The problem: Leave out the pictures and restate the rest of the data exactly.

Provided data:
....................
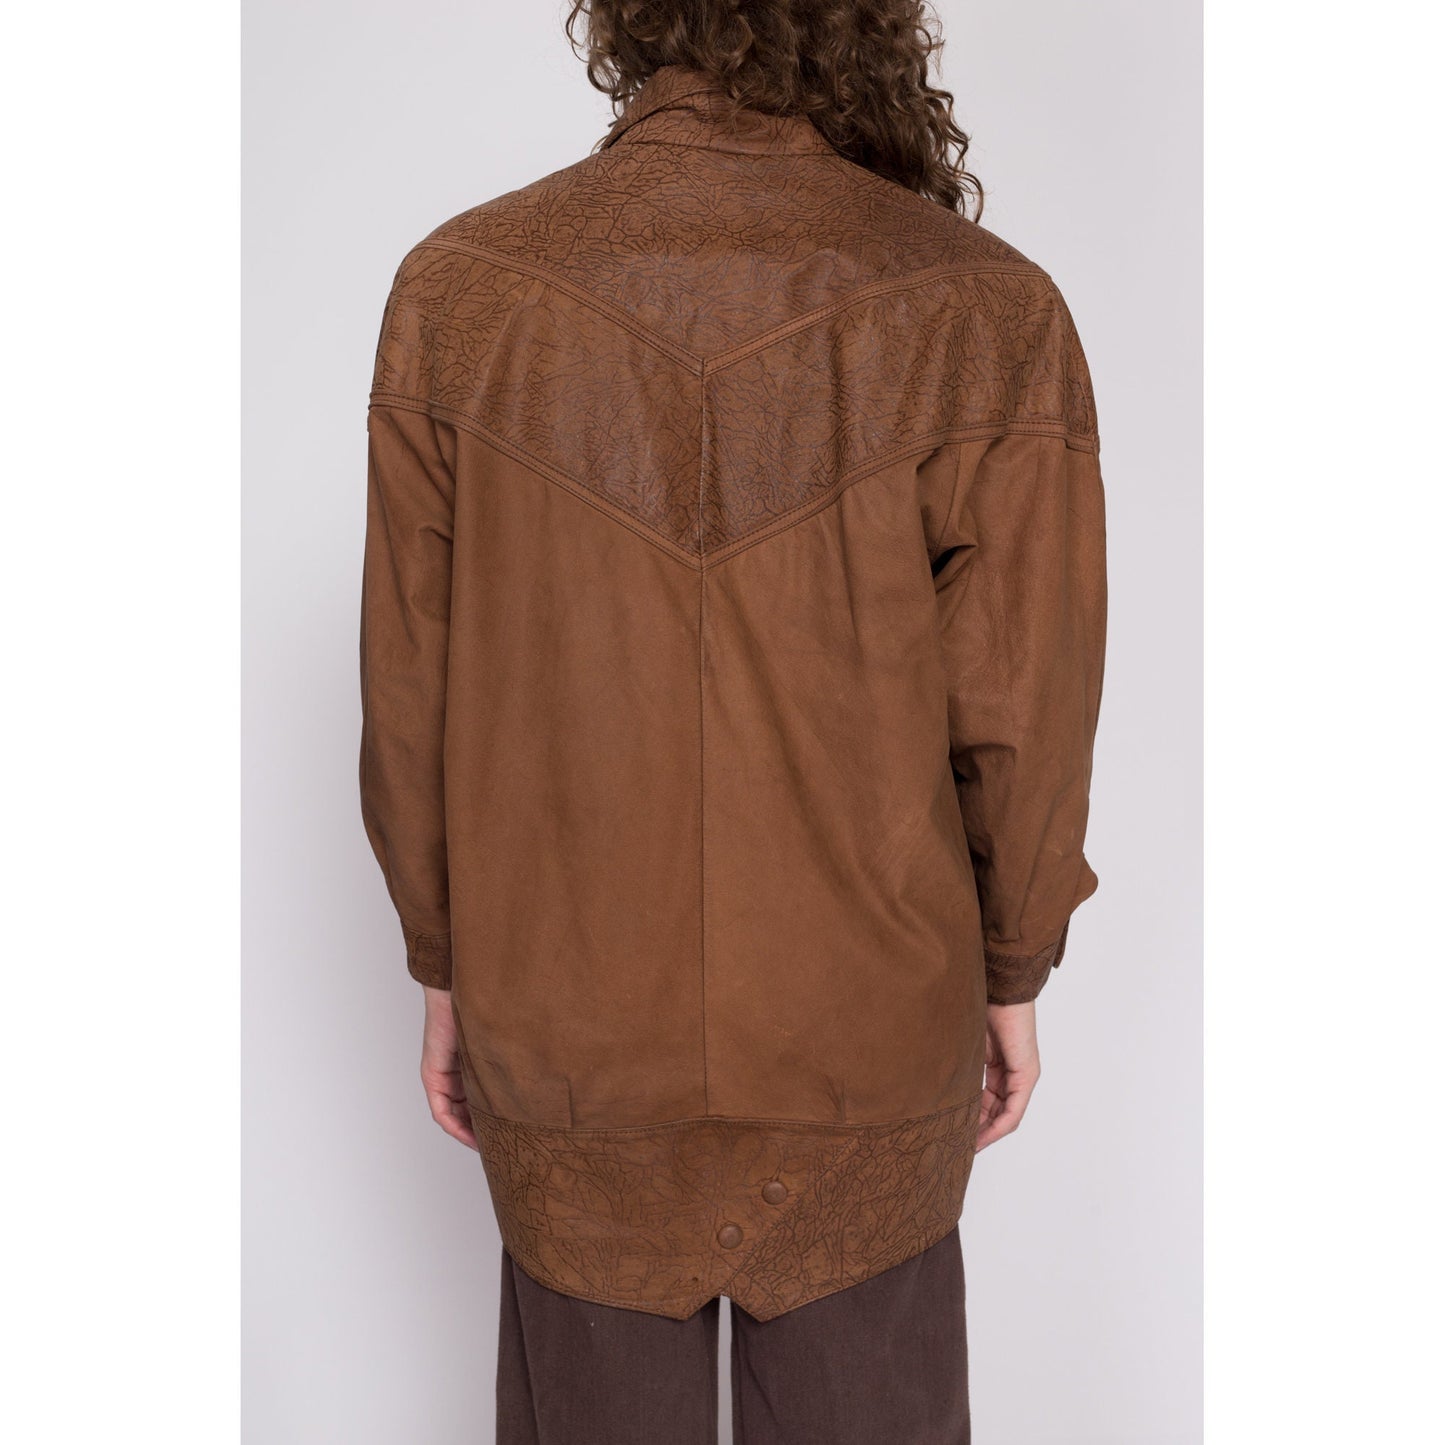 M| 80s G-III Brown Leather Embossed Jacket - Medium | Vintage Oversize Long Double Breasted Snap Up New Wave Coat
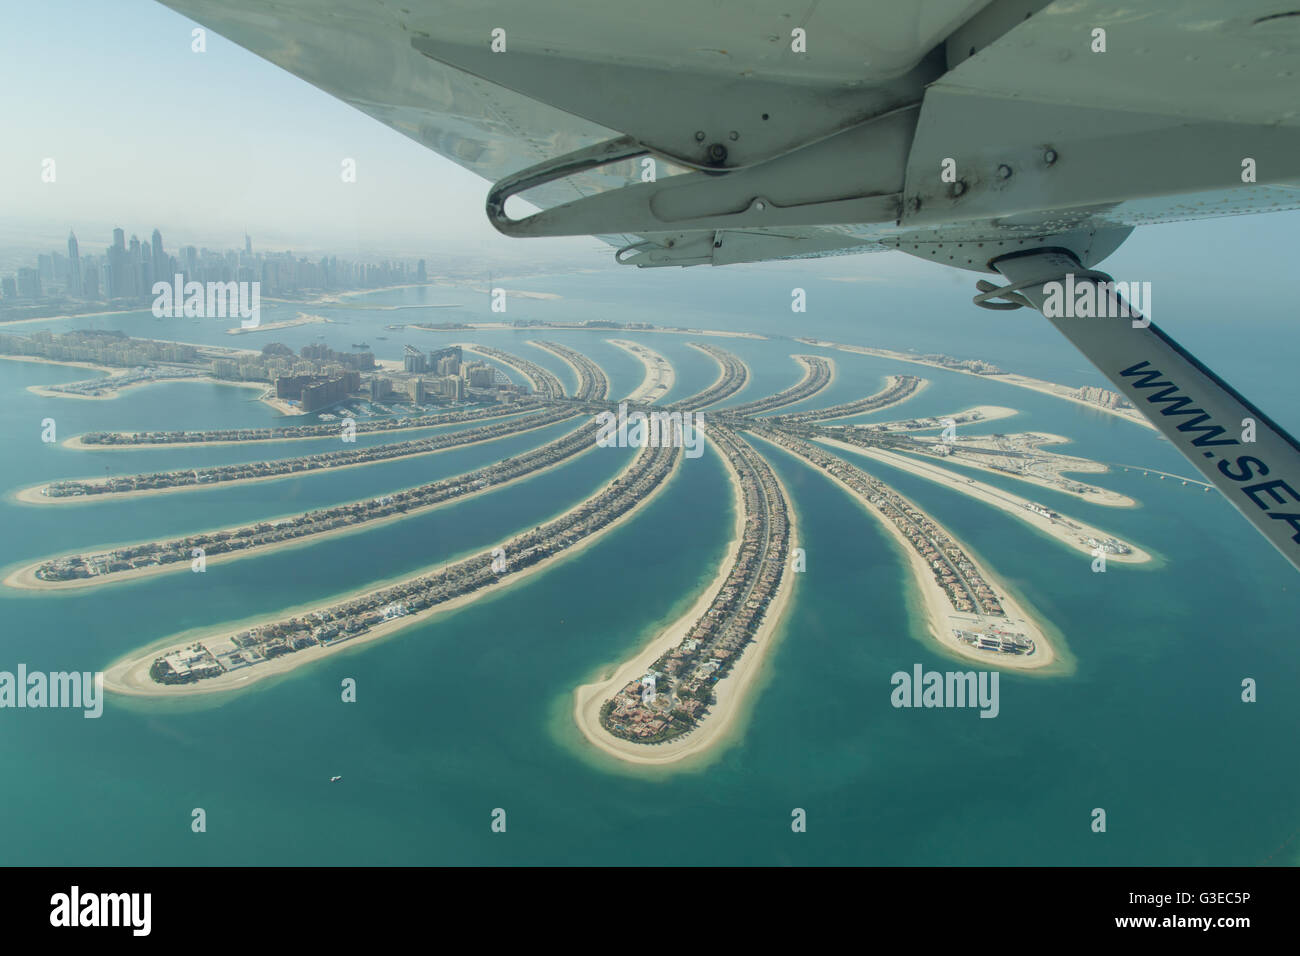 Dubai, United Arab Emirates - October 17, 2014: Aerial view of the artificial island Palm Jumeirah from a seaplane. Stock Photo
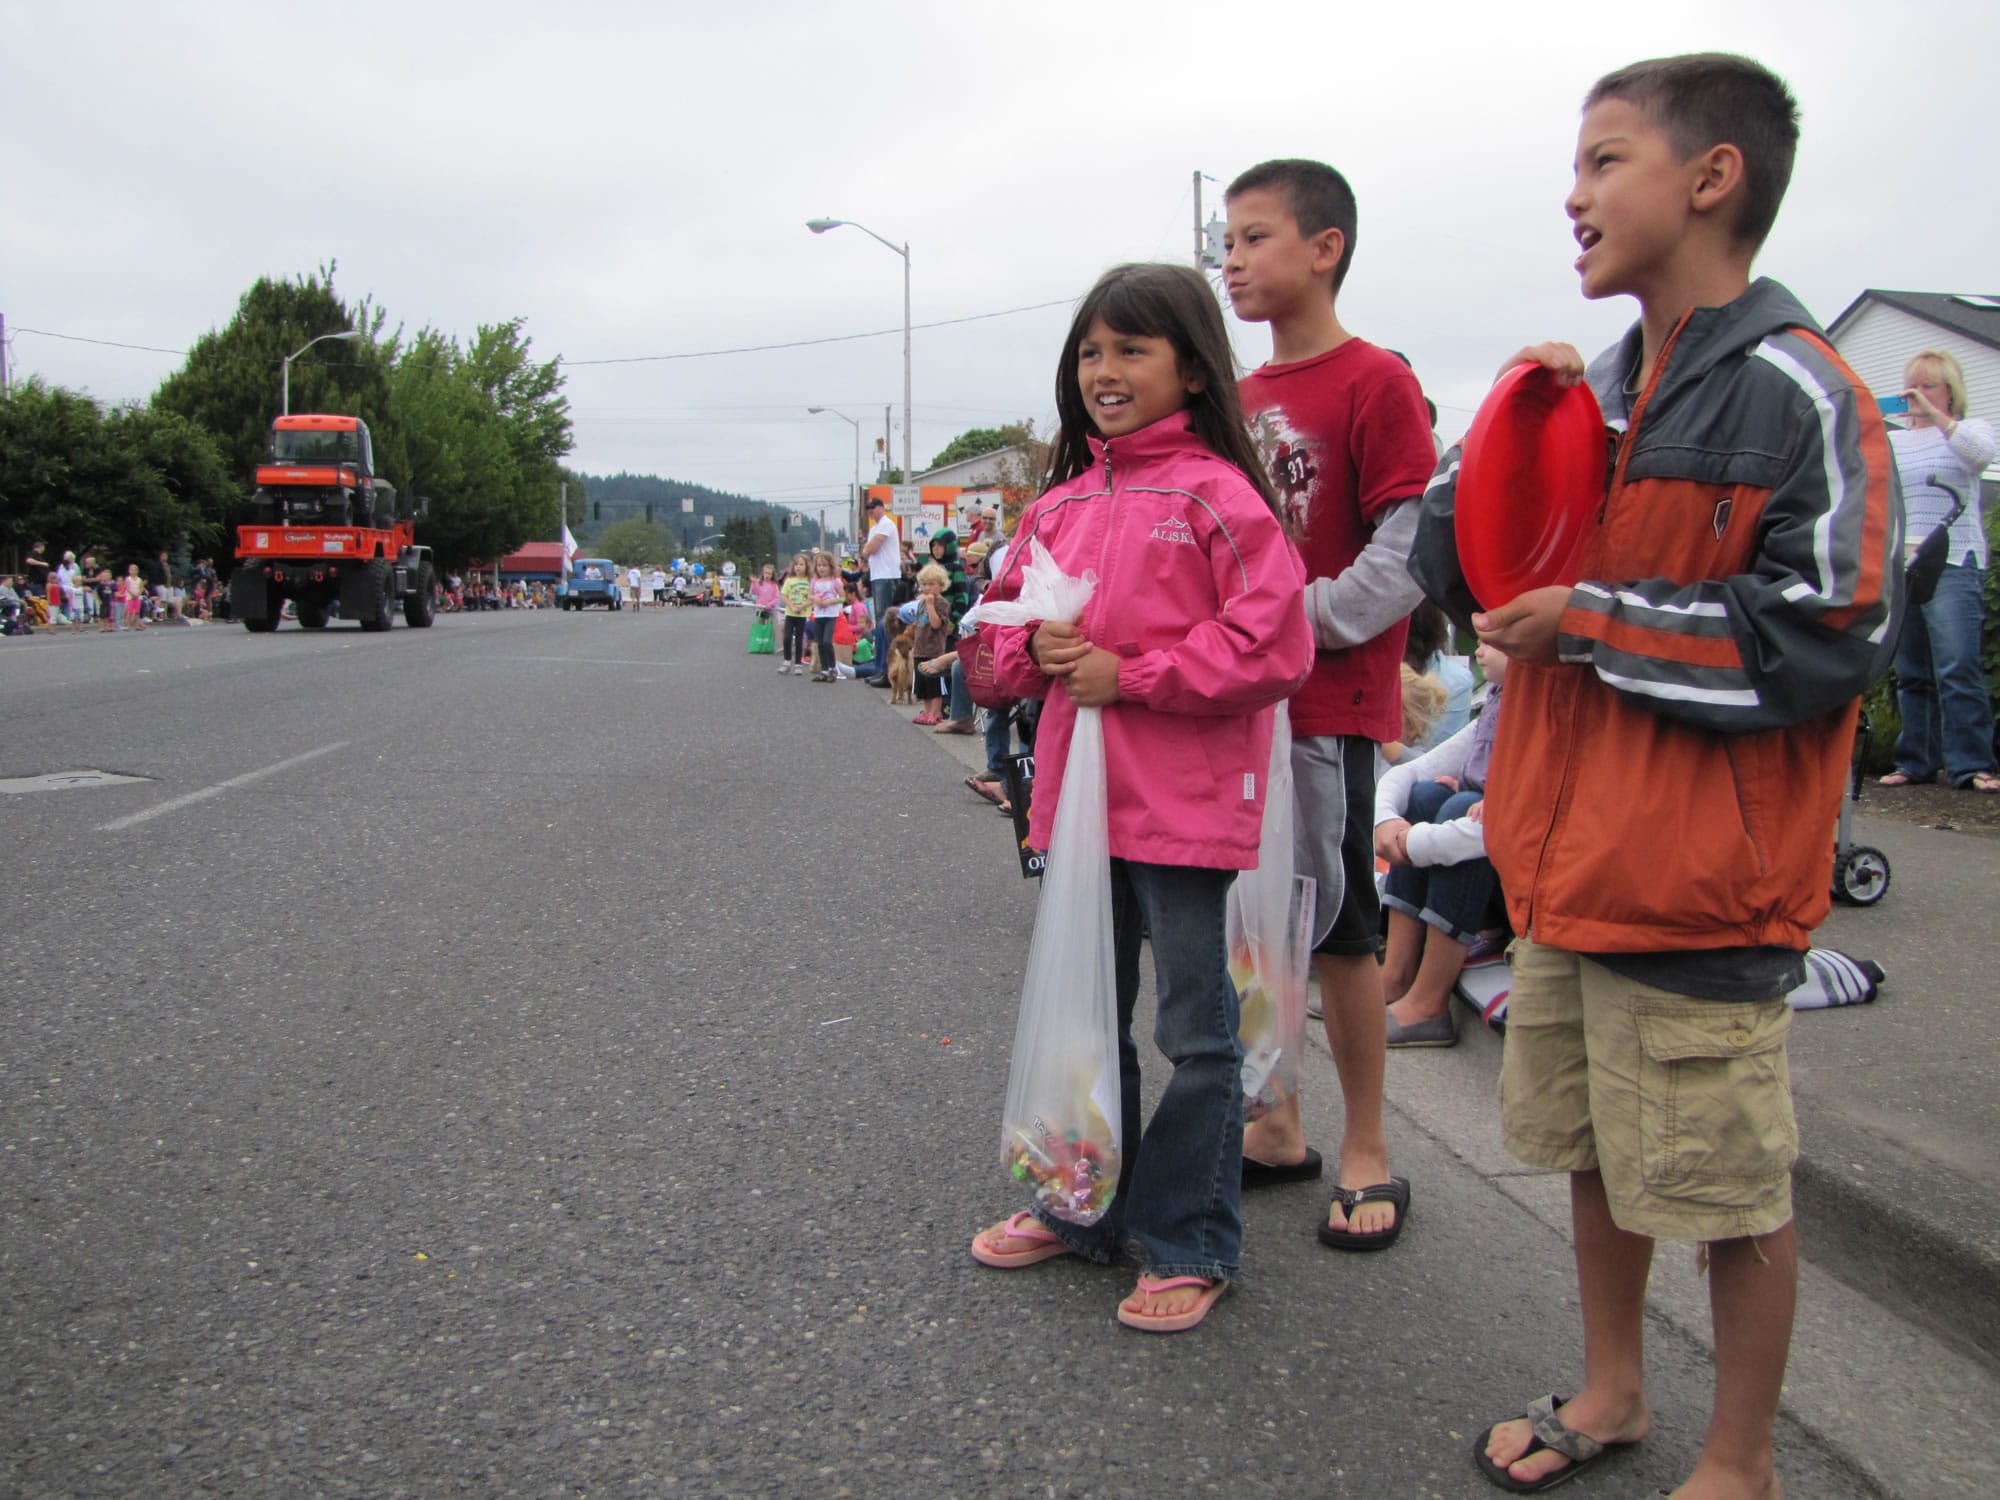 From left, Kendra, Richie and Tommy Azbill wait for candy at the Harvest Days parade July 20.
....................
Answer:
 M| 80s G-III Brown Leather Embossed Jacket - Medium | Vintage Oversize Long Double Breasted Snap Up New Wave Coat
 Dubai, United Arab Emirates - October 17, 2014: Aerial view of the artificial island Palm Jumeirah from a seaplane. Stock Photo
 From left, Kendra, Richie and Tommy Azbill wait for candy at the Harvest Days parade July 20.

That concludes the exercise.